Тут же, под окном, то есть на самом освещённом месте, была насыпана куча древесного угля, стоял стул, на котором я мог сидеть, а к железному крюку, прикреплённому к потолку, были подвешены огромные весы с коромыслом и двумя большими медными чашками. На этих весах я взвешивал уголь. При этом поднимались целые тучи мельчайшей угольной пыли, которая оседала у меня на лбу, на носу, на щеках и даже на ушах, так что на сплошь чёрном, словно покрытом сажей, лице у меня сверкали только белки глаз да зубы во рту. Мало того, эта проклятая пыль лезла и в нос, и в рот, так что мокрота, которой я то и дело отхаркивался и сморкался, была чернее самого чёрного дёгтя.
Время от времени ко мне в подвал спускался кто-нибудь из покупателей с записочкой от дяди Володи, на которой было обозначено, сколько угля следовало отпустить. Каждому покупателю я отвешивал требуемое количество угля и от каждого выслушивал какое-нибудь насмешливое замечание по поводу того, что я слишком мал, или что я слишком чёрен, или что я здесь, в этом подвале, словно чертёнок в аду, а уголь у меня, стало быть, для поджаривания грешников. На все эти не слишком разумные замечания я отвечал презрительным молчанием, так как что тут ответишь? Разве моя вина в том, что я был слишком мал, и разве я мог не быть чёрным, если имел дело с углем?
Когда торговля кончалась и я отправлялся домой, прохожие на улице оглядывались на меня и тоже отпускали разные шуточки по моему адресу. А маленькие ребятишки бежали иной раз за мной гурьбой и кричали, захлёбываясь от смеха:
– Трубочист! Негритёнок! Страшила! Чучело!
Особенно тягостными были для меня первые дни сидения в этом угольном каземате.

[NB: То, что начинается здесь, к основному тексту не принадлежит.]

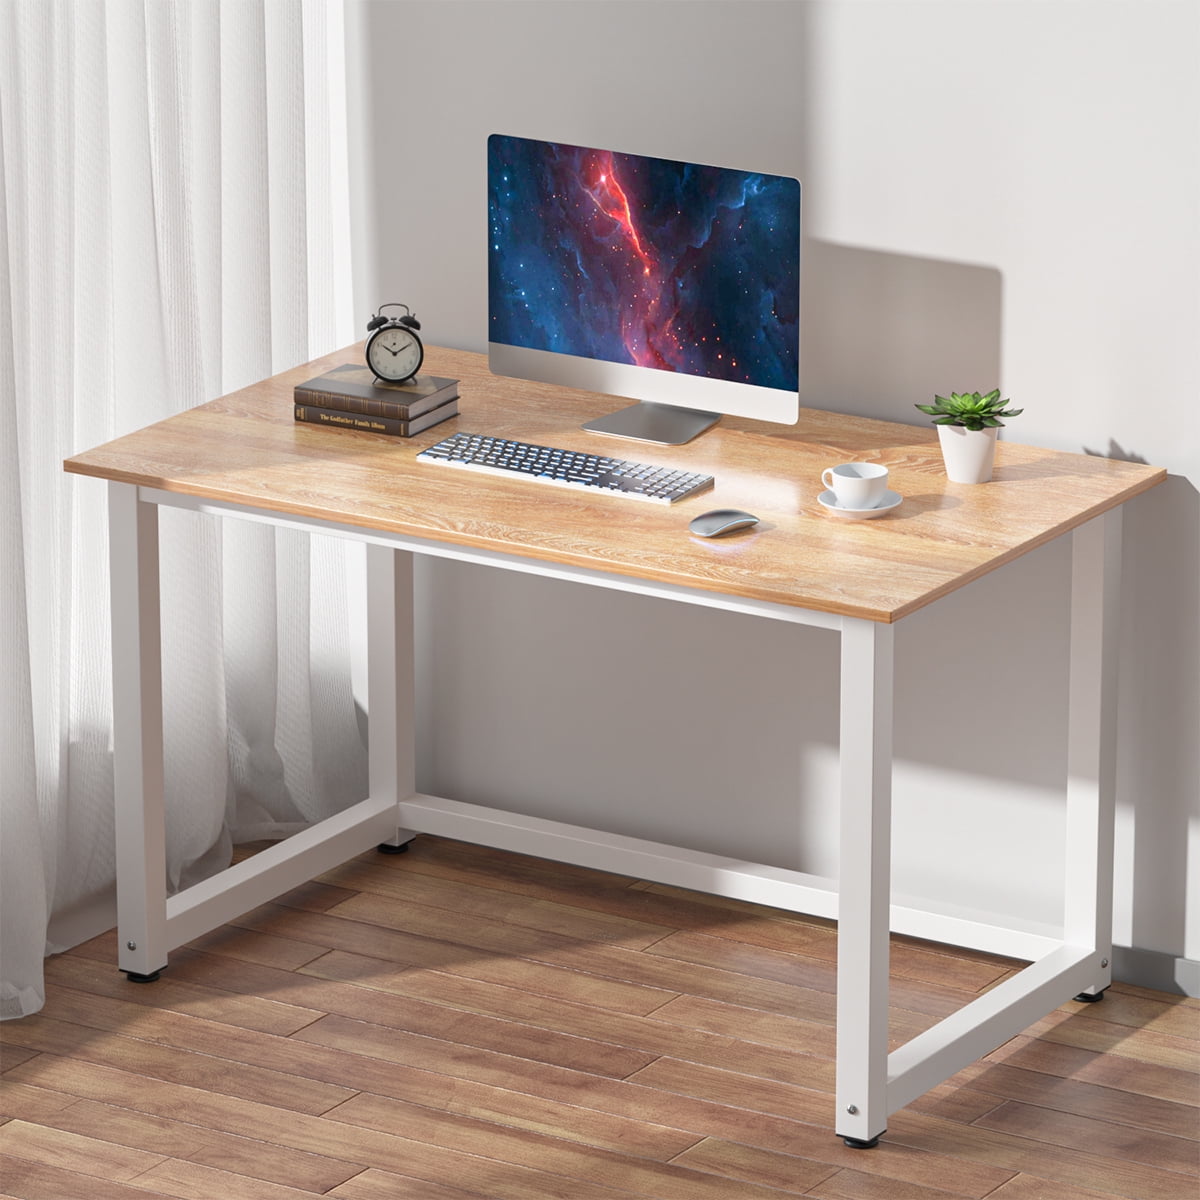 Wooden Computer Desk PC Laptop Table Home Office Study Work Station Furniture

Покупатели являлись не часто, поэтому скучать приходилось главным образом в одиночестве. Сидя на стуле, я глядел на кучу угля, над которой в серебристой полоске солнечного луча, падавшего из окна, толклись мириады угольных пылинок. Но мысленно я был далеко от этой кучи. Я был со своими друзьями, которые, как всегда в это время, гуляли в Кадетской роще, купались или удили рыбу в Кадетском пруду. Пруд этот огромный – целое озеро – был тут же, рядом с Кадетской рощей. Кроме пруда неподалёку имелось ещё обширнейшее болото, по которому можно было путешествовать, прыгая с кочки на кочку или бродя по колено в воде.